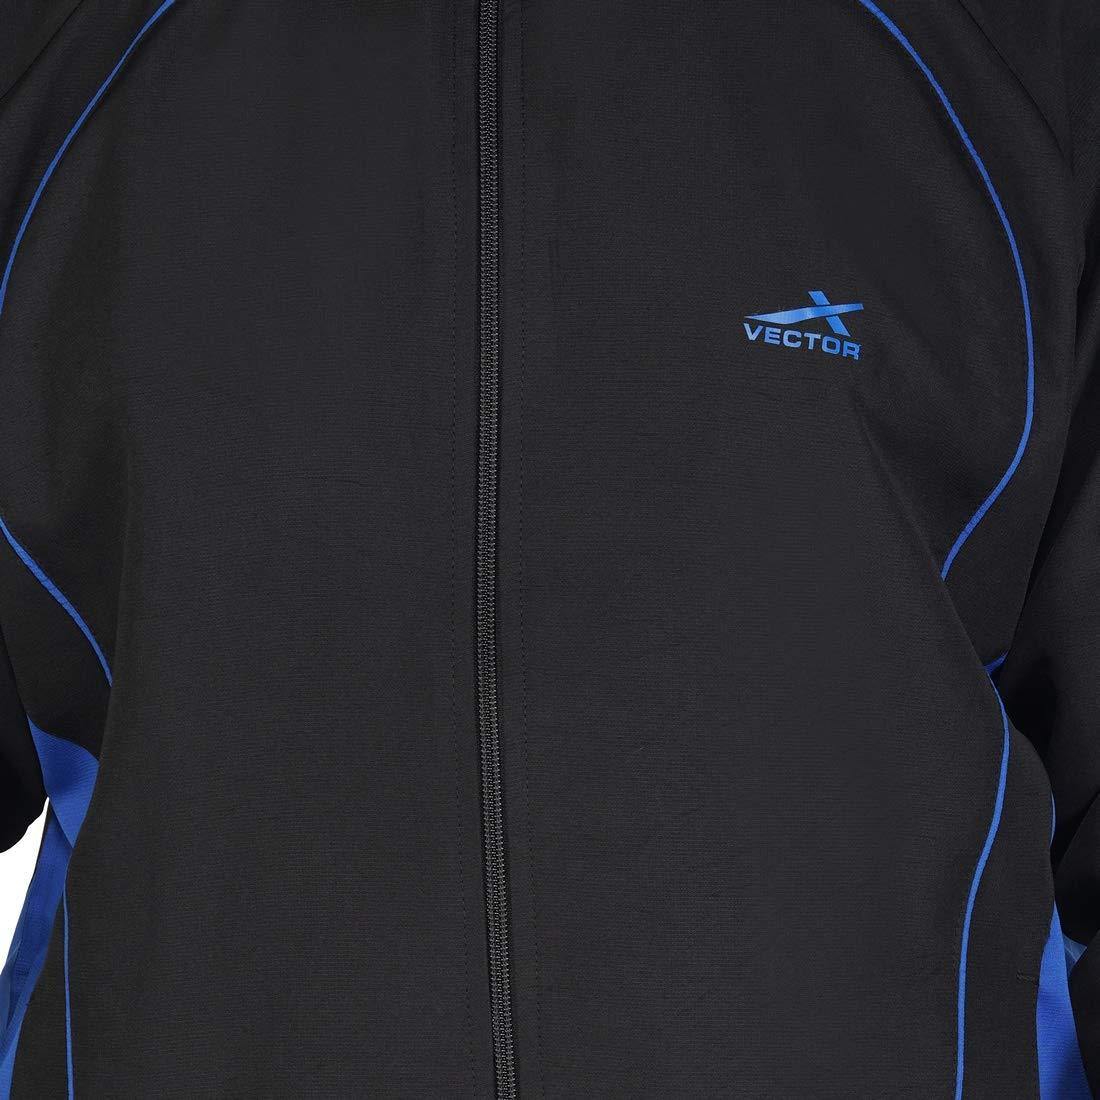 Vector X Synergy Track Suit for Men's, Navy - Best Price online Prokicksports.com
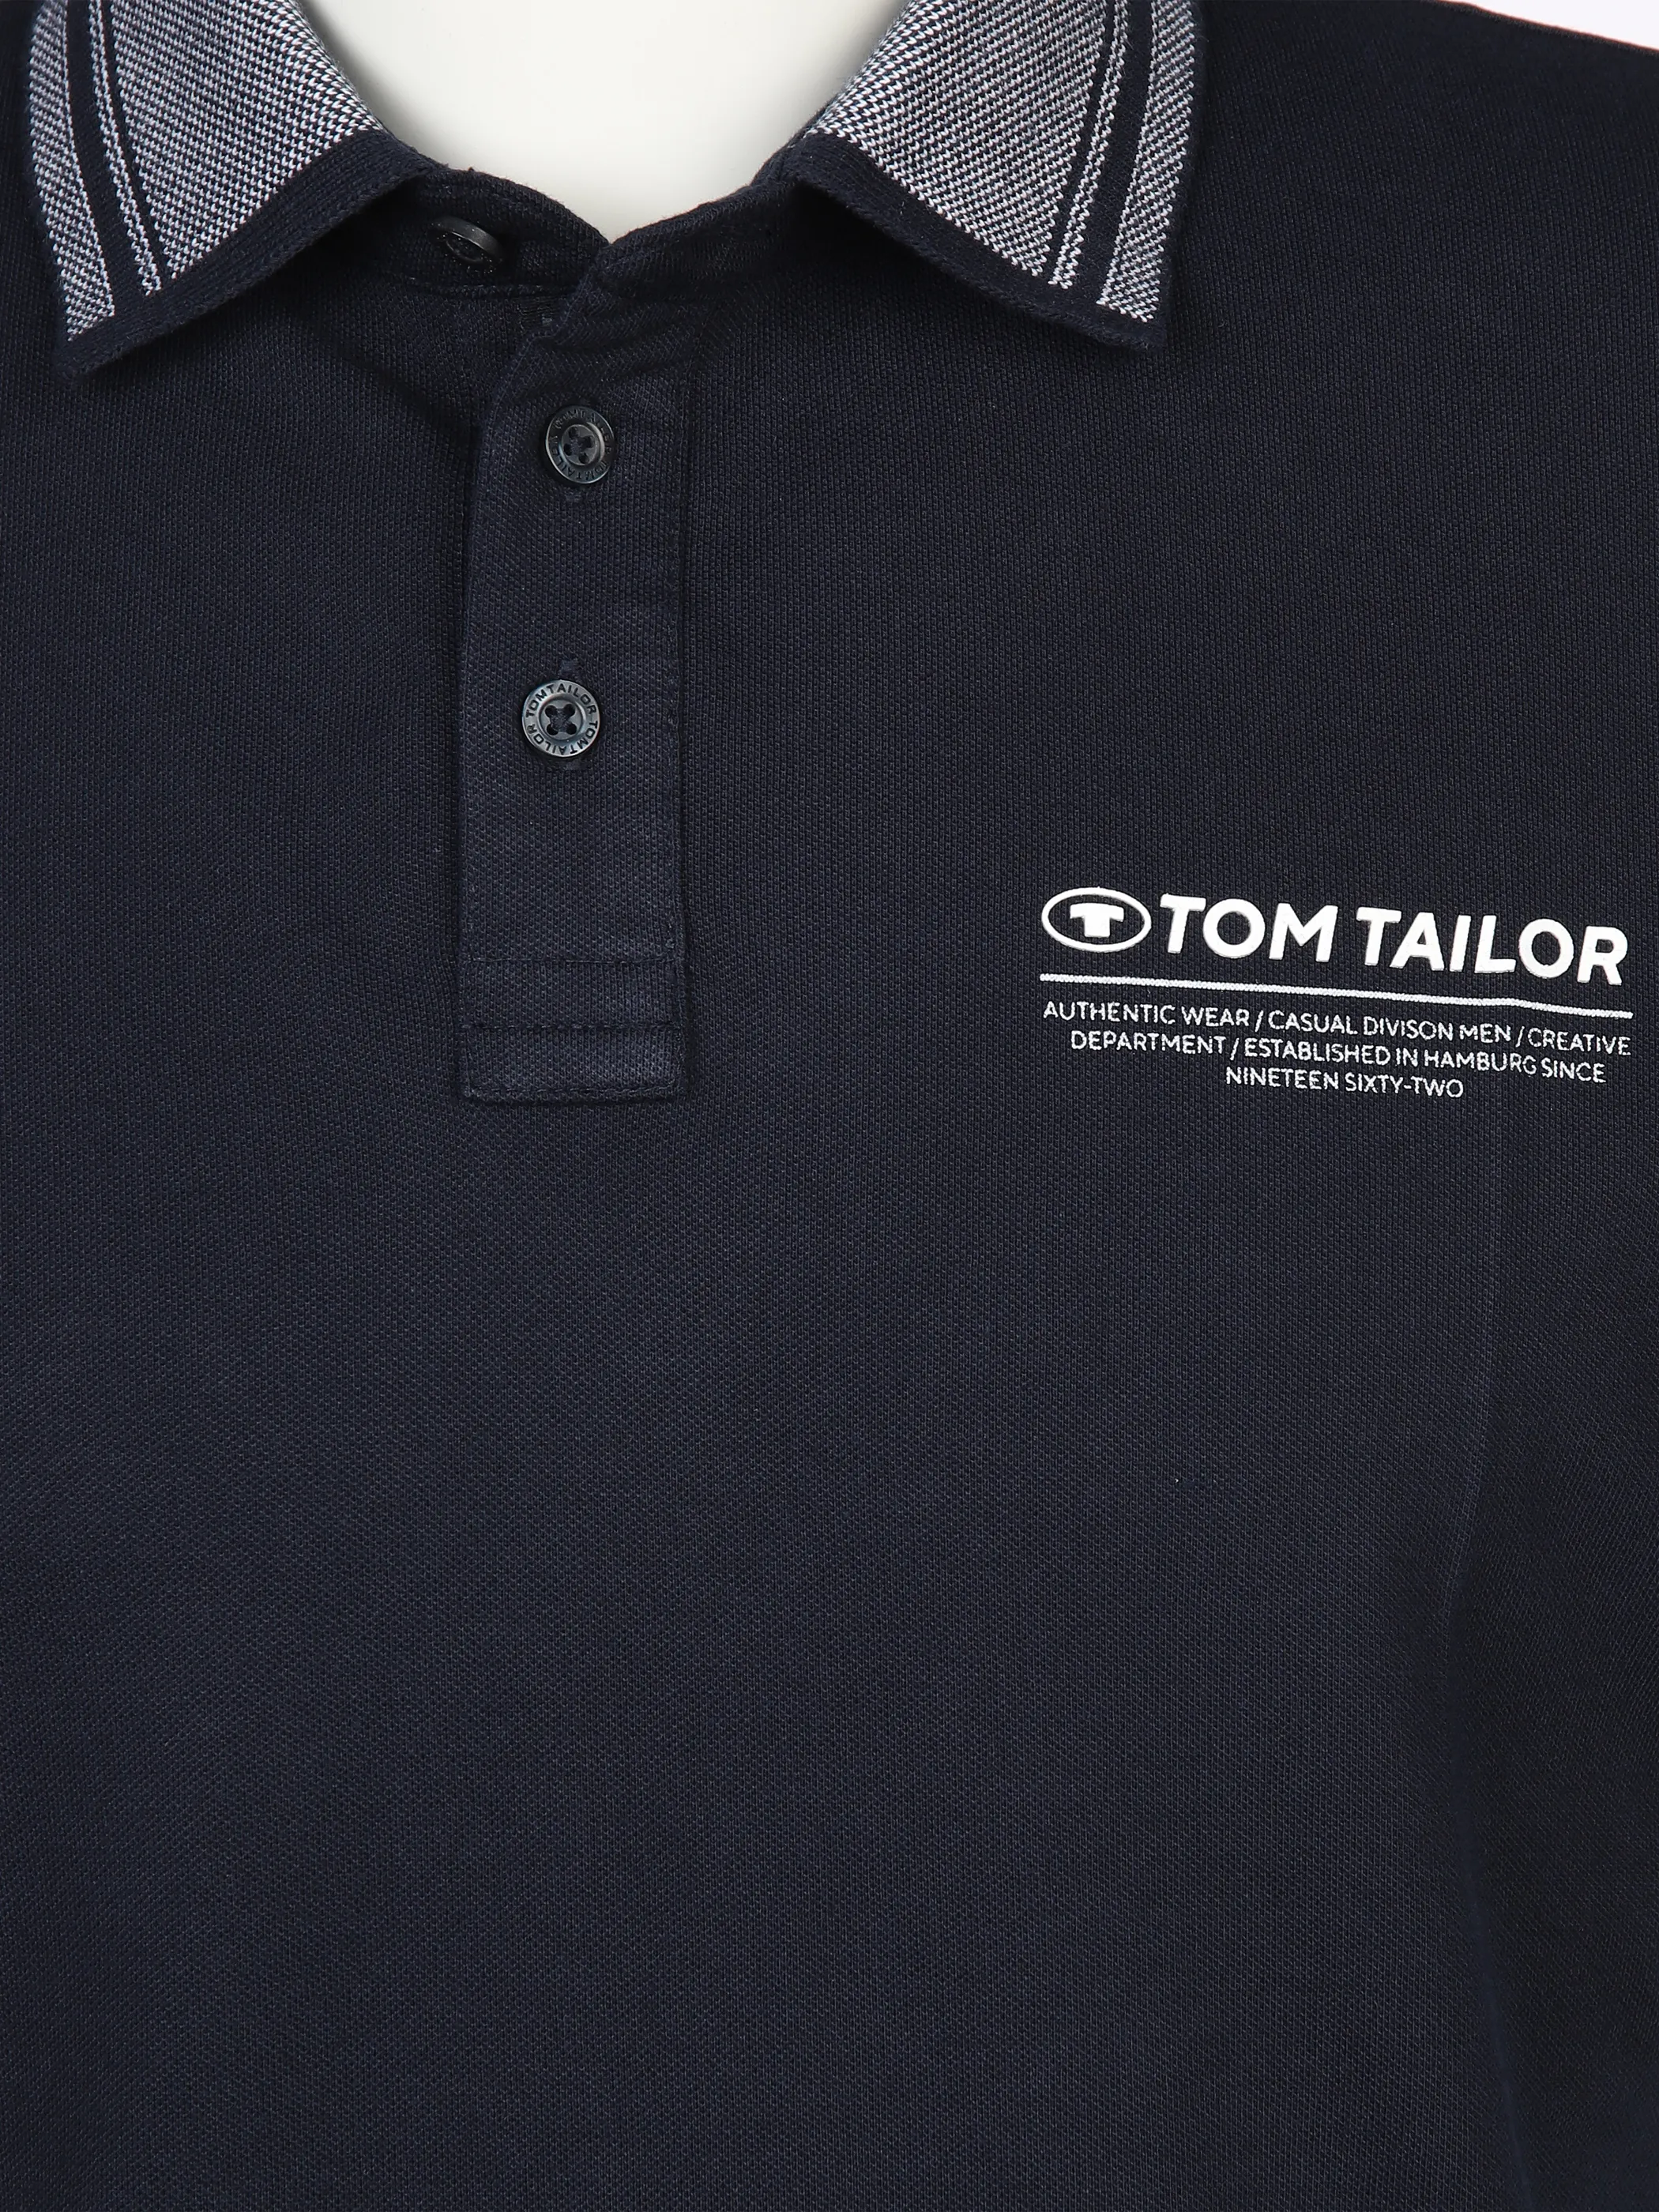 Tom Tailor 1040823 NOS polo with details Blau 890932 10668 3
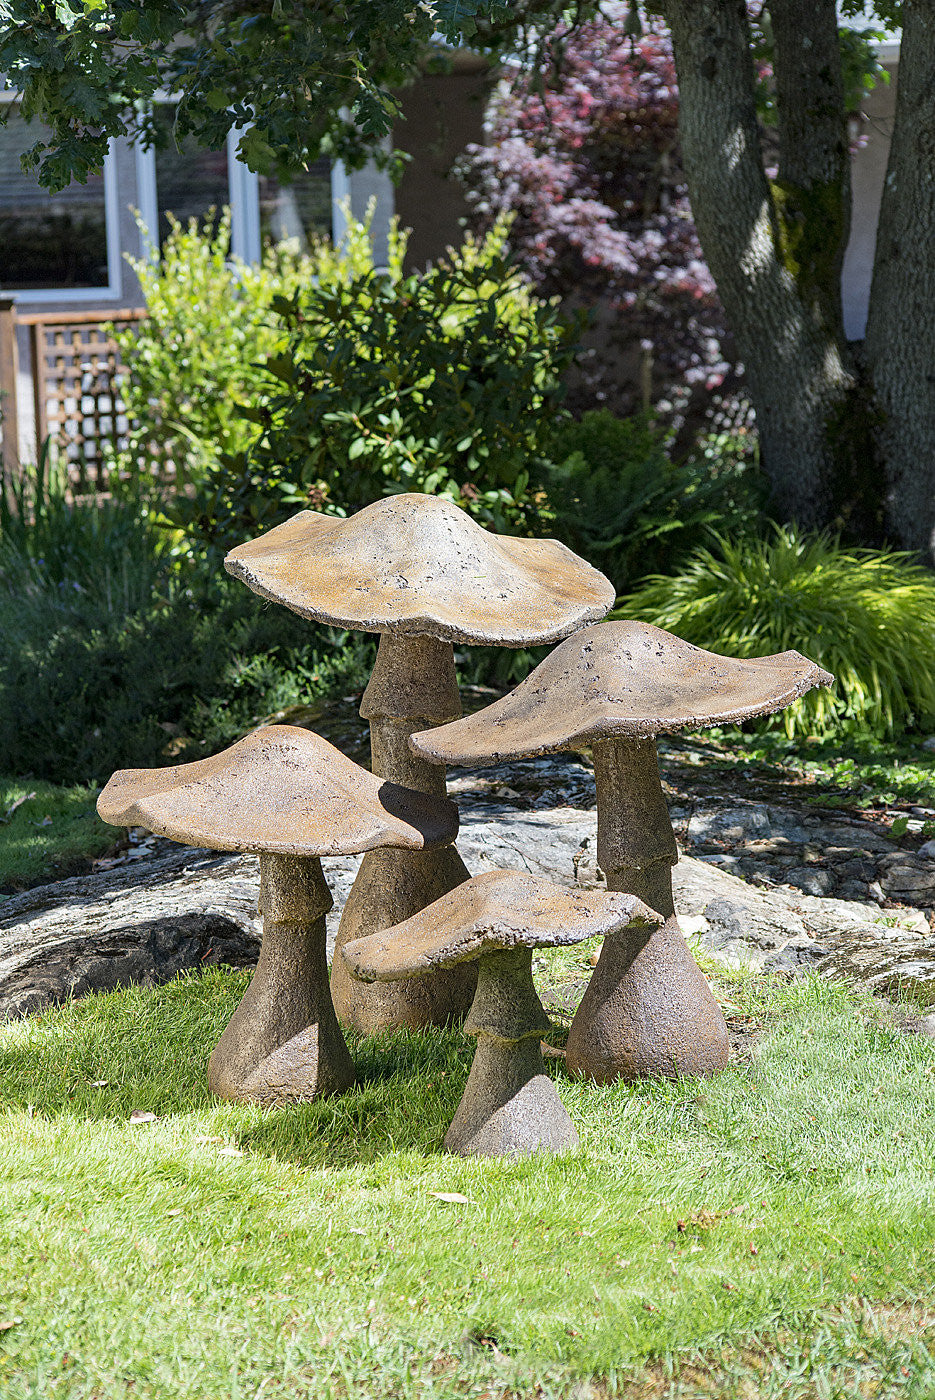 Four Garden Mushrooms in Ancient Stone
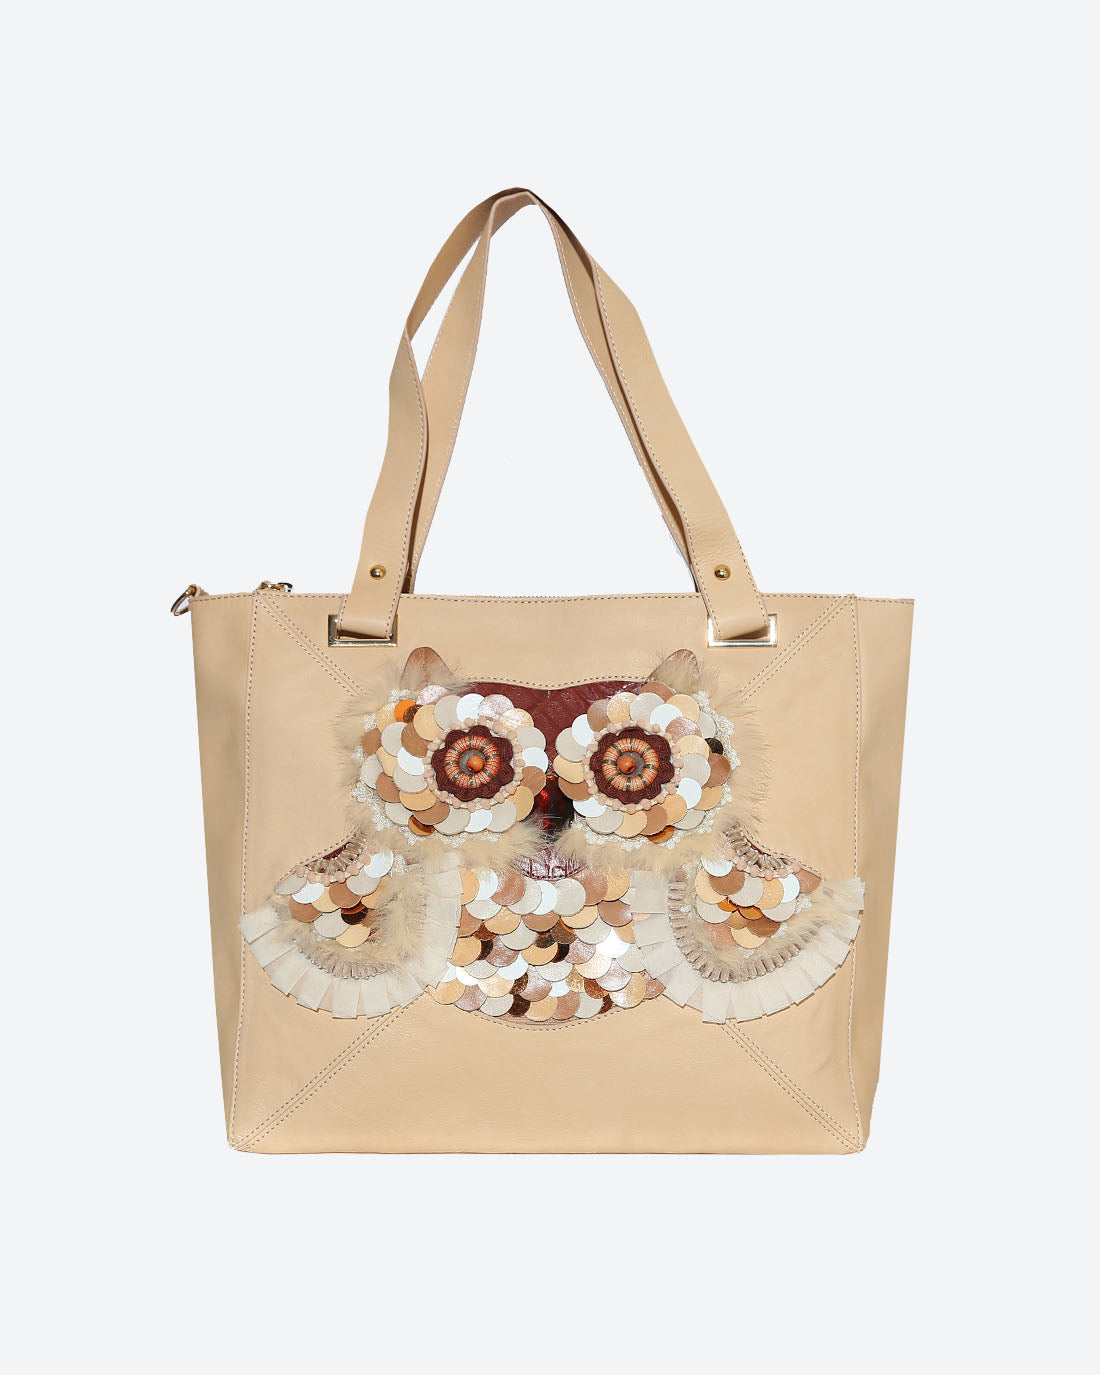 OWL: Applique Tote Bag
════════════════════
▸ Problem
Starting with the line that contains "Four Garden Mushrooms in Ancient Stone", reproduce every line down to the end of the listing above, both endpoints included. Pictures stay out.

▸ Task answer
 Four Garden Mushrooms in Ancient Stone
 OWL: Applique Tote Bag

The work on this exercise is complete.